Soon after the EU and US heralded a separate deal last September on data privacy in law enforcement cooperation, “the US Department of Justice argued in front of a US Federal court to bypass existing legal frameworks between Europe and America,” she said. “That was the Microsoft case. This doublespeak is just terrible. Here we do have exactly the same problem with the Apple case.”
While the privacy shield gives Europeans stronger protections in some areas, said Reding, who is now a member of the European Parliament, “when it comes to the intelligence services, the text is the same as it was when I left office in 2014.” On bulk data collection, she said new exemptions have been added.
The European Commission, which led negotiations with the US, insisted that the questions related to the Apple case aren’t comparable.

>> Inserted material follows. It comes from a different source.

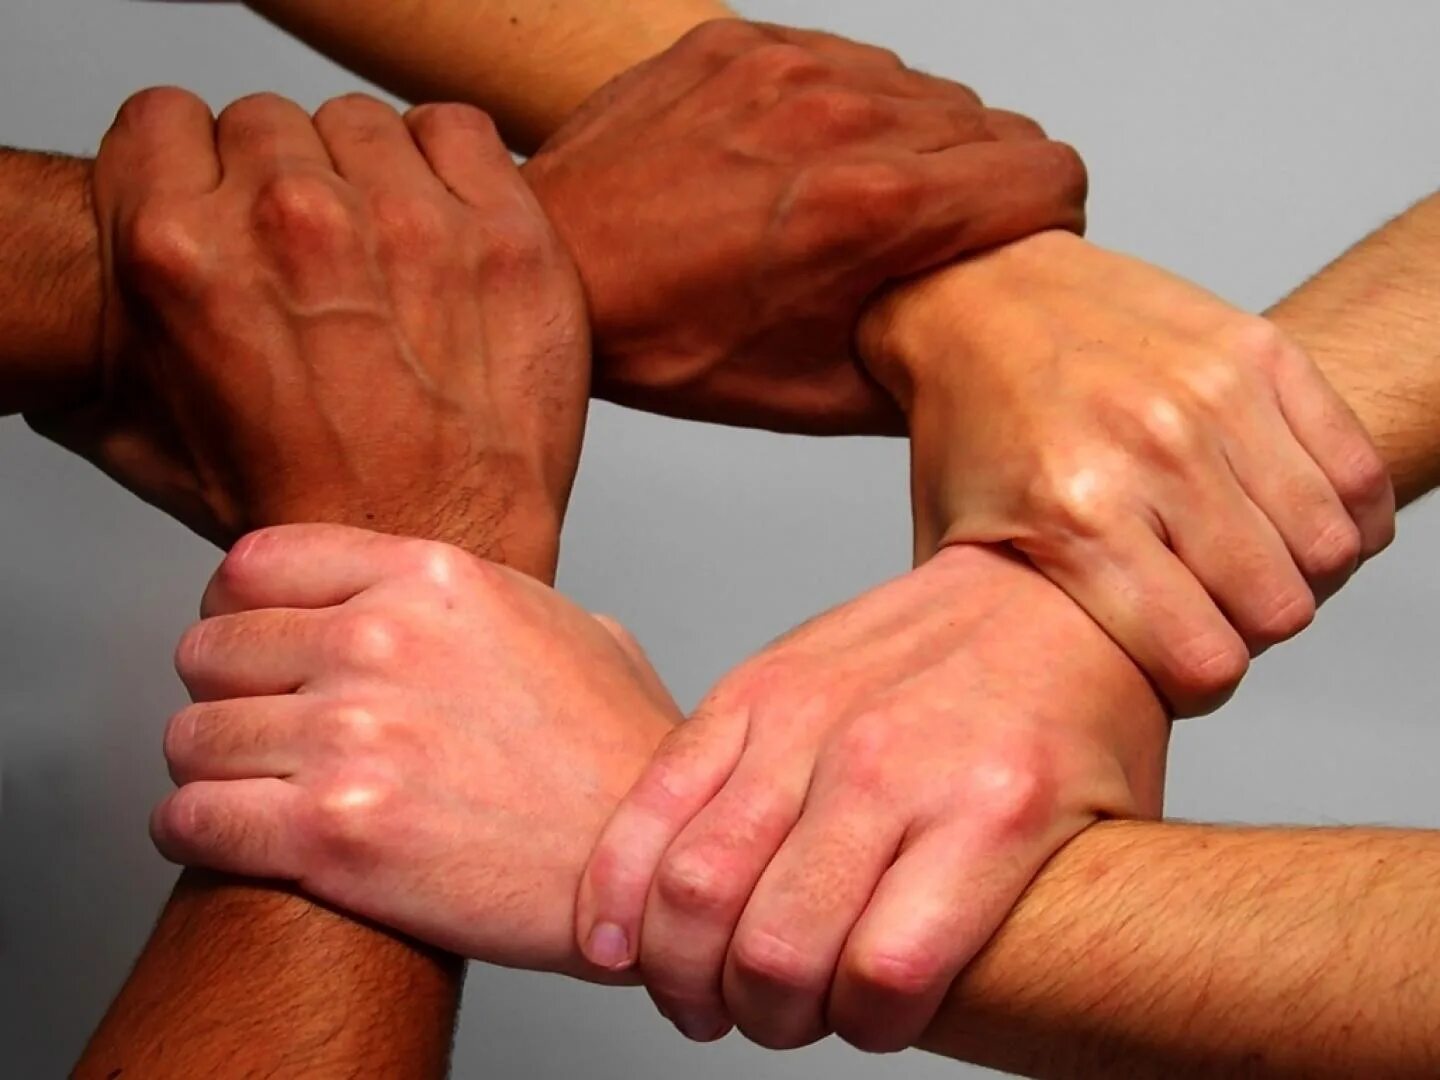 Рукопожатие было не долгое но крепкое. День сотрудничества Юг-Юг организации Объединенных наций. День сотрудничества Юг-Юг ООН 12 сентября. Дружеское рукопожатие. Крепкое рукопожатие.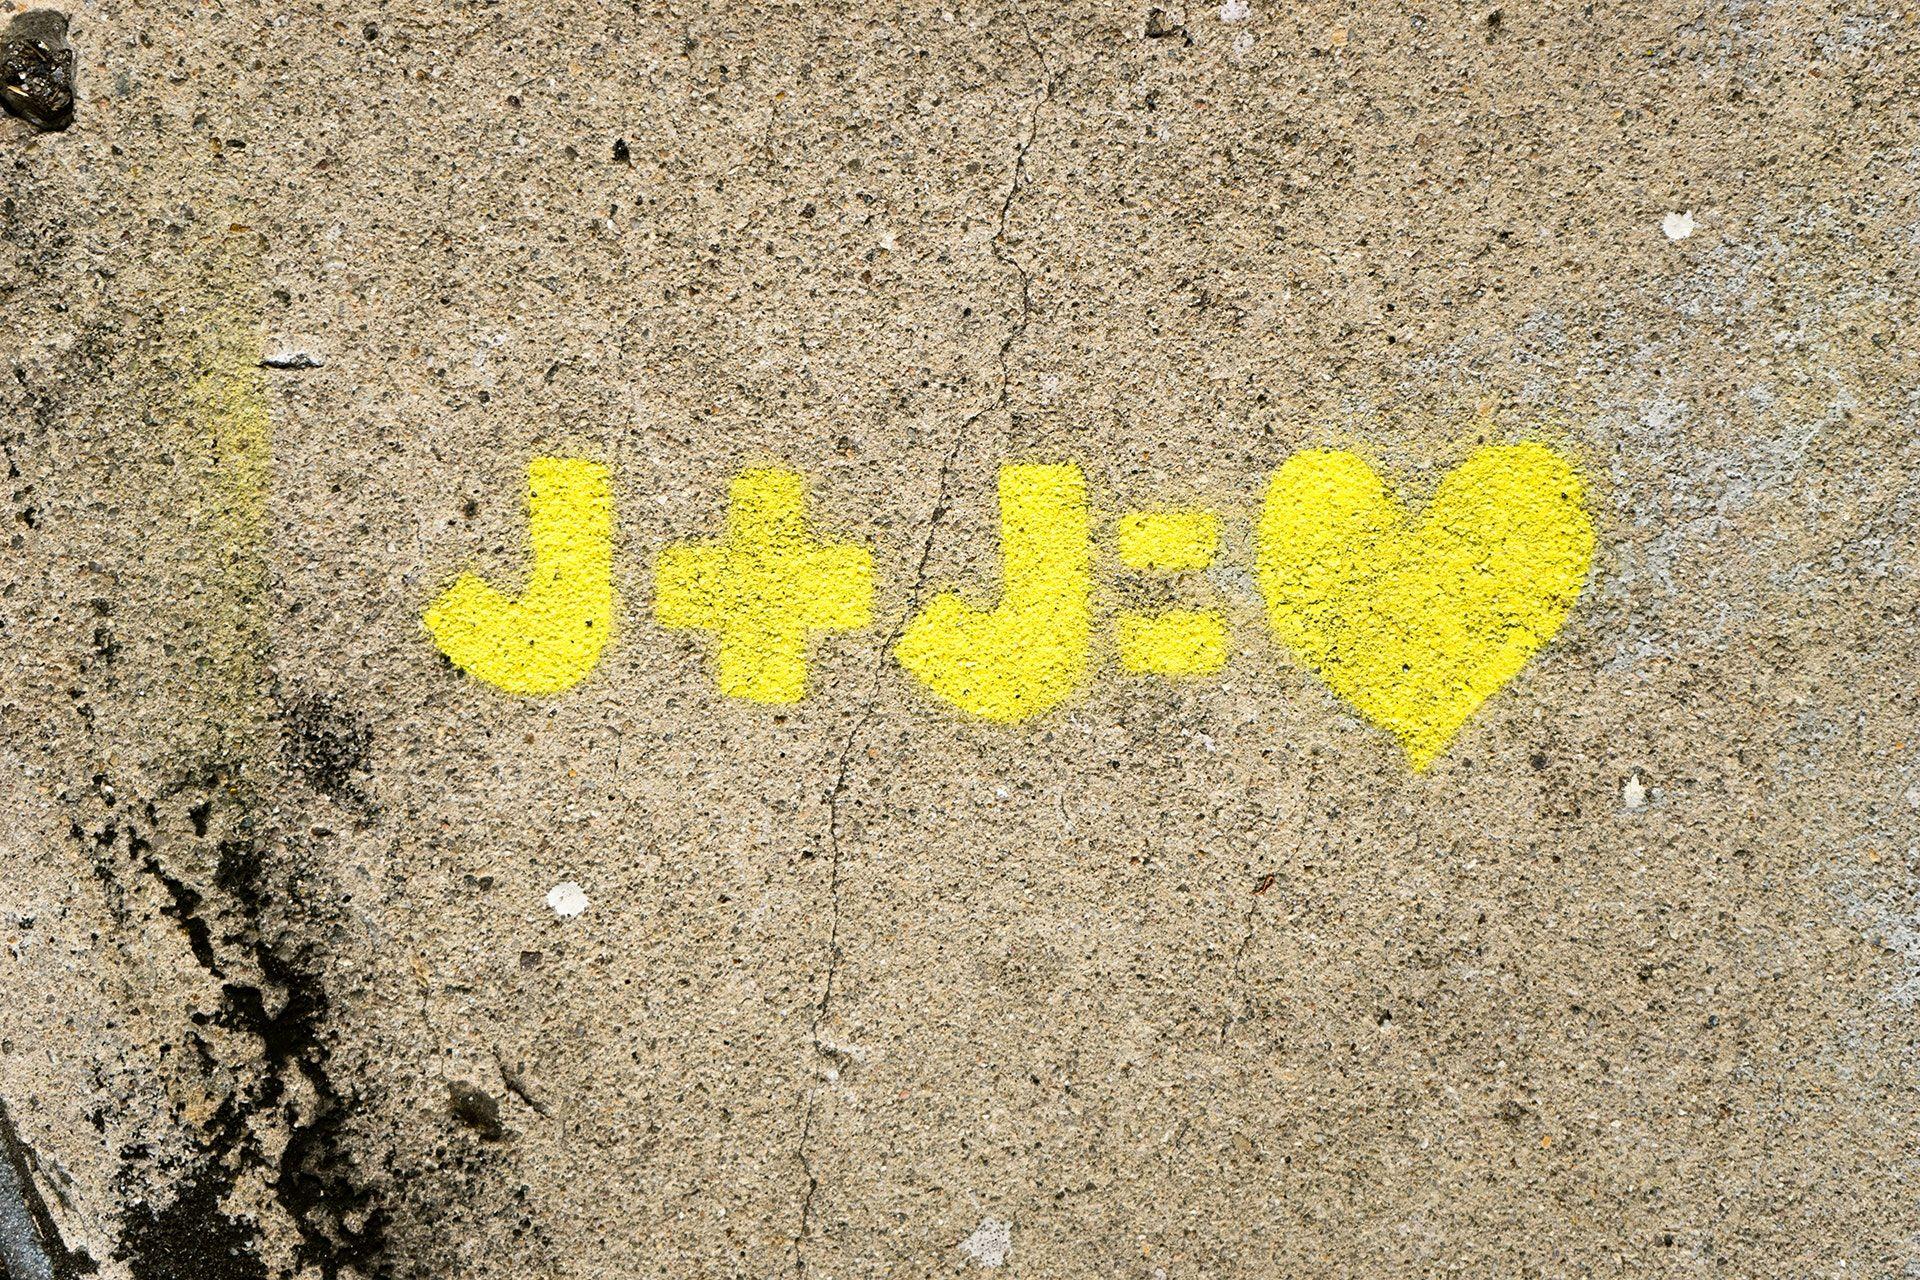 J Loves J Logo - J+j= Heart Painting · Free Stock Photo

“The whole concept of the shield in relation to national security and law enforcement is to set out clear limitations and safeguards to what might be technically feasible for US authorities,” said Christian Wigand, a spokesman for justice policy. “And we will of course hold the US accountable to these strong commitments made through a monitoring and review system put in place through the shield.”
Still, some regulators in the EU say the Apple case, and the issues at stake, makes it harder to rebuild lost confidence about data privacy.
“We are concerned about a global backlash in user trust, if companies can be forced to issue weak security versions of their products,” said Jacob Kohnstamm, head of the Dutch data protection authority, who sits on the panel of national officials known as the Article 29 Working Party.
While the Apple case has triggered a storm of controversy, the focus may quickly shift to EU nations, including the UK and France, which are also grappling with how to deploy technology to take on Islamist terrorists and hostile states without trampling on civil liberties.
The UK’s Investigatory Powers Bill – dubbed the “Snooper’s Charter” by its critics – will give the country’s spying services the power to look at browsing histories of suspected criminals once a senior government minister and a judge have signed a warrant.
A revised version of the bill will force Internet and phone companies to collect and store customer data and allow intelligence agencies to remotely access smartphones and other devices when permitted.
“There are major concerns remaining on bulk collection, mandating back doors and Internet collection records,” said Emily Taylor, an associate fellow in International Security at Chatham House in London. “It is also difficult to reconcile” with recent EU court rulings “and the direction of privacy shield.”
One of Britain’s top spy chiefs, Robert Hannigan, weighed into the debate in a speech at the Massachusetts Institute of Technology on Monday, insisting he was neither “in favor of banning encryption” nor “asking for mandatory backdoors.”
Security agencies need a new relationship with the tech sector, academia, society and government agencies, said Hannigan, director of Britain’s Government Communications Headquarters, or GCHQ. “We should be bridging the divide, sharing ideas and building a constructive dialog in a less highly-charged atmosphere.”
After helping prosecutors unlock at least 70 iPhones, Apple last year stopped cooperating and said the company would no longer serve as the government’s helper. Apple claims its US case could set a precedent and threaten other users by creating a program that will let the FBI get around the phone’s encryption.
Apple has already gained the backing of some of the industry’s biggest names, including Google parent Alphabet Inc., Facebook Inc. and Microsoft Corp.
Microsoft President Brad Smith said earlier this month that encryption is the most important technology to ensure security and that “the path to hell starts at the back door.”